Next, the property (γ) will be described. As described above, the BET specific surface area of the silica used as the component (B) is within the range of 15 to 60 m ² / g, and preferably within the range of 15 to 35 m ² / g. When the BET specific surface area of the silica is excessively smaller than the specified range, the primary particle diameter is excessively large and the contact area even between each primary particle and the diene rubber (component A) decreases. As a result, a sufficient reinforcing effect can not be obtained, and the tear strength (TSb) and the elongation at break (Eb) are lowered. In contrast, when the BET specific surface area is excessively large (60 m ² / g exceeds), the primary particle diameter is excessively small, and hence the primary particles are strongly aggregated. As a result, the dispersibility of the silica is lowered and the dynamic properties deteriorate.

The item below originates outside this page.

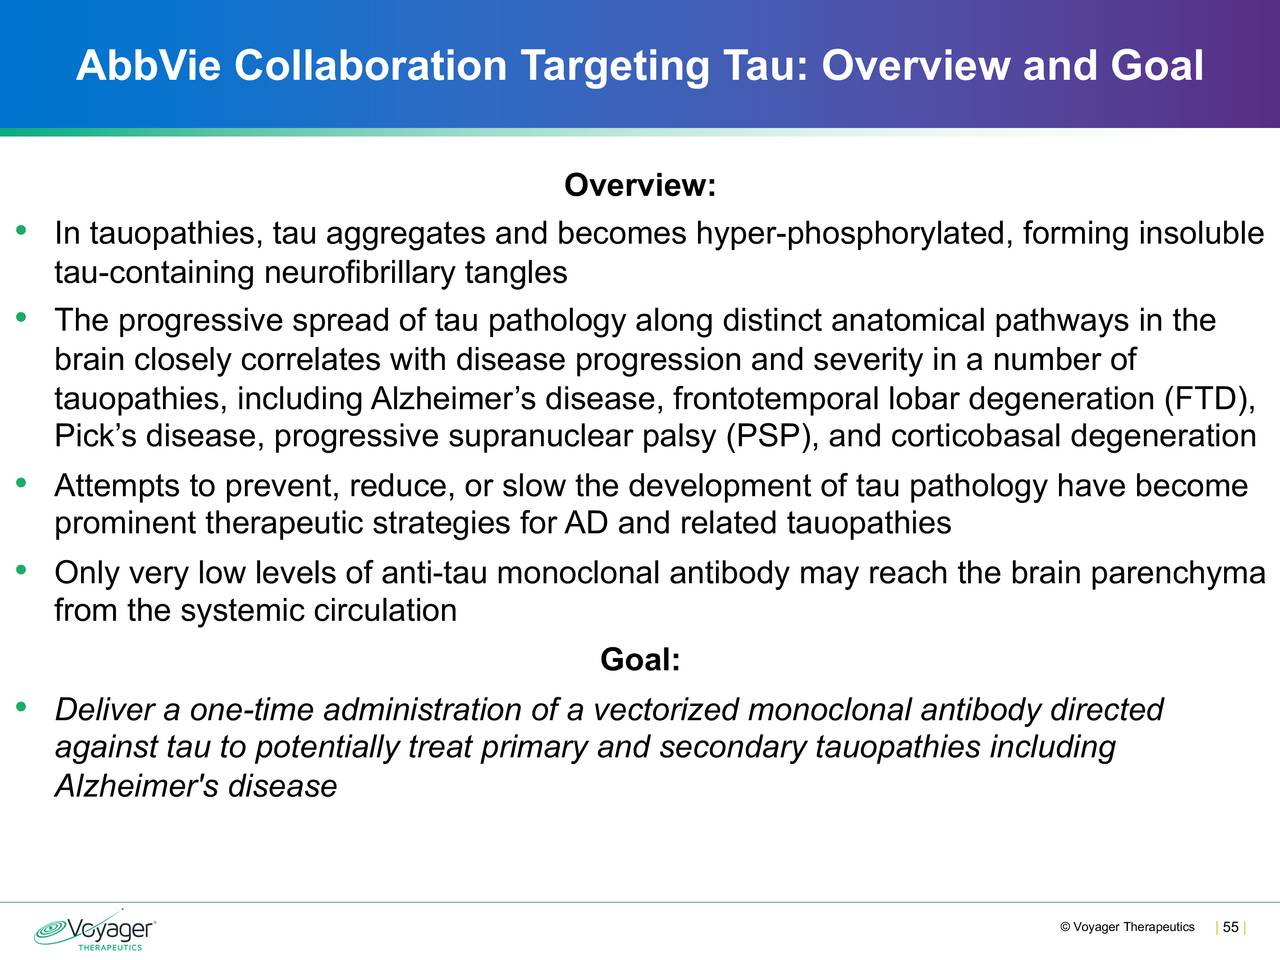 AbbVie Collaboration Targeting Tau: Overview and Goal

The BET specific surface area of the silica may be e.g. B. be measured as follows. A sample is degassed at 200 ° C for 15 minutes and the BET specific surface area is then measured with a BET specific surface area analyzer (manufactured by Micro Data Co., Ltd., 4232-II) using a mixed gas (N ₂ 70%, He 30%) was measured as adsorption gas.

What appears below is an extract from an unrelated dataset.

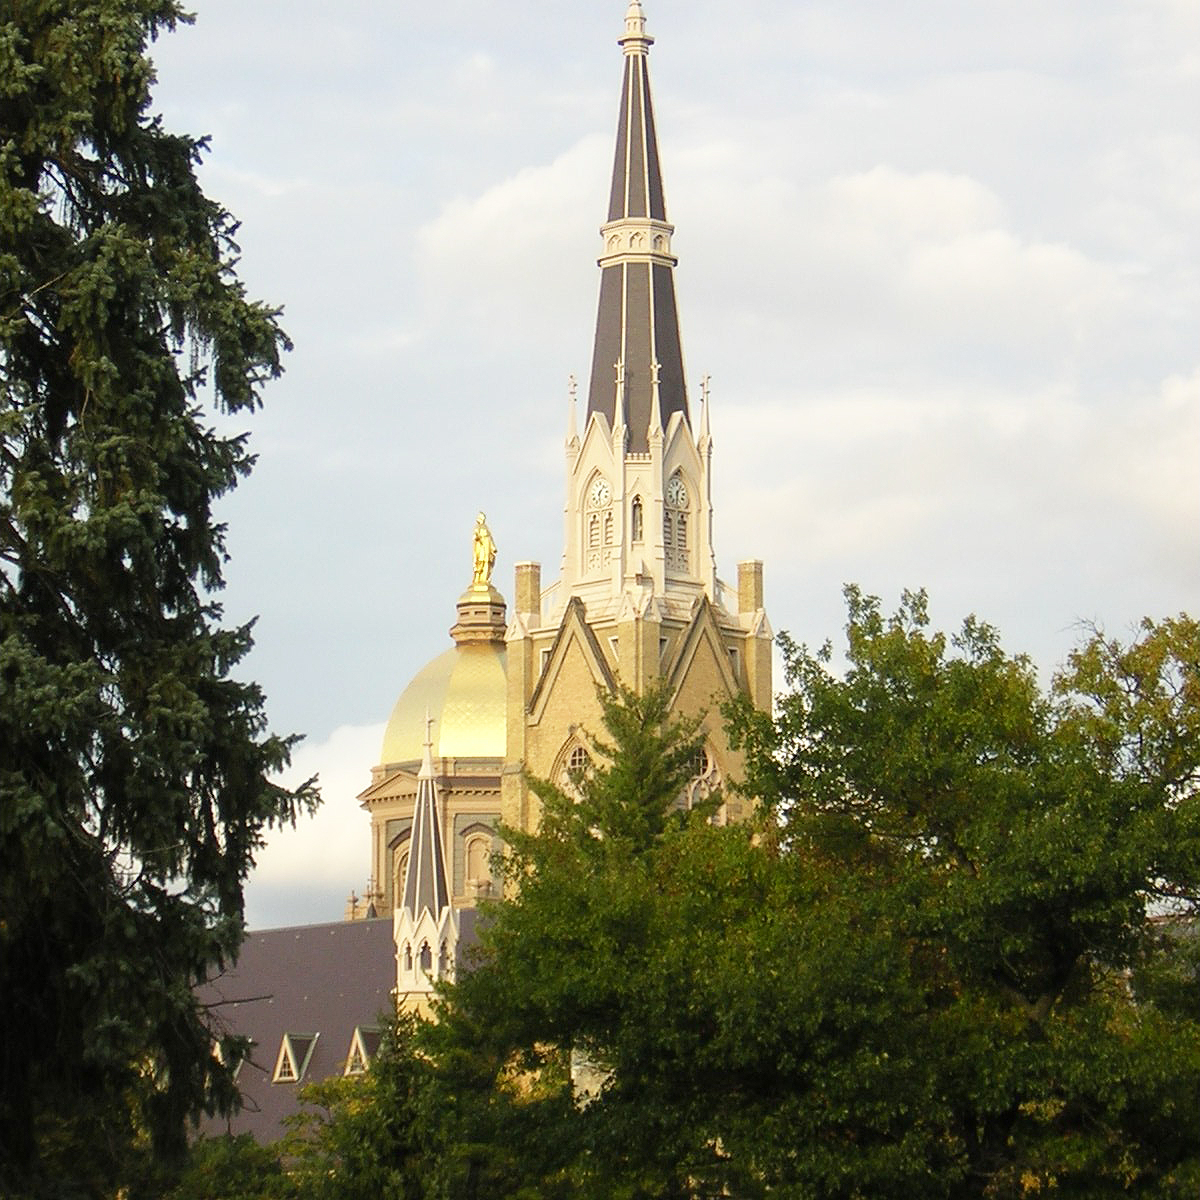 File Photo of the Baslica of the Sacred Heart and Golden Dome at the University of Notre Dame

An example of the method of producing the silica (component B) is a method using a reaction to obtain precipitated silica. For example, the silica may be prepared according to a method comprising neutralizing an aqueous alkali silicate solution (a commercial aqueous sodium silicate solution) with a mineral acid and precipitating silica. Specifically, first, a predetermined amount of an aqueous sodium silicate solution having a predetermined concentration is introduced into a reaction vessel, and a mineral acid is added to this aqueous solution at predetermined conditions (single addition reaction). Alternatively, sodium silicate and a mineral acid are added to a reaction solution prepared by introducing a predetermined amount of hot water in advance for a predetermined time while controlling the pH and temperature of the reaction solution (simultaneous addition method). Next, a slurry of precipitated silica prepared by one of the above-mentioned methods is filtered with a filtration system (for example, a filter press or a belt filter) capable of washing a cake, and then washed, whereby the by-product electrolytes be removed. The resulting silica cake is then dried with a dryer. Generally, this silica cake is converted to a slurry and the slurry is then dried with a spray dryer. Alternatively, the silica cake may be dried in a stationary manner in a heating oven or the like in the form of a cake. The dried silica thus obtained is then pulverized by a pulverizer into particles having a predetermined average particle diameter. Optionally, coarse particles are removed from the particles with a classifier to produce silica. The purpose of the pulverizing and classifying operations is to adjust the average particle diameter and remove the coarse particles. The pulverization method (for example, a jet pulverizer or an impact pulverizer) is not specific. limited. As for the classifying apparatus, the classifying method (eg, a pneumatic method or a sieving method) is not particularly limited.

The amount of the silica (component B) added is in the range of 10 to 100 parts by weight (hereinafter abbreviated as "parts"), preferably in the range of 20 to 70 parts based on 100 parts of the diene rubber (component A). If the amount added is excessively small, there is a tendency that the requirement of a reinforcing effect at a certain level is not satisfied. On the other hand, if the added amount is excessively large, the dynamic gain can be increased. In addition, since the amount of silica added is excessively large, the silica itself acts as a foreign substance, and the physical properties tend to deteriorate.

Further, as the specific silane coupling agent (component C) used together with the components (A) and (B), a silane coupling agent represented by the following general formula (1) is used.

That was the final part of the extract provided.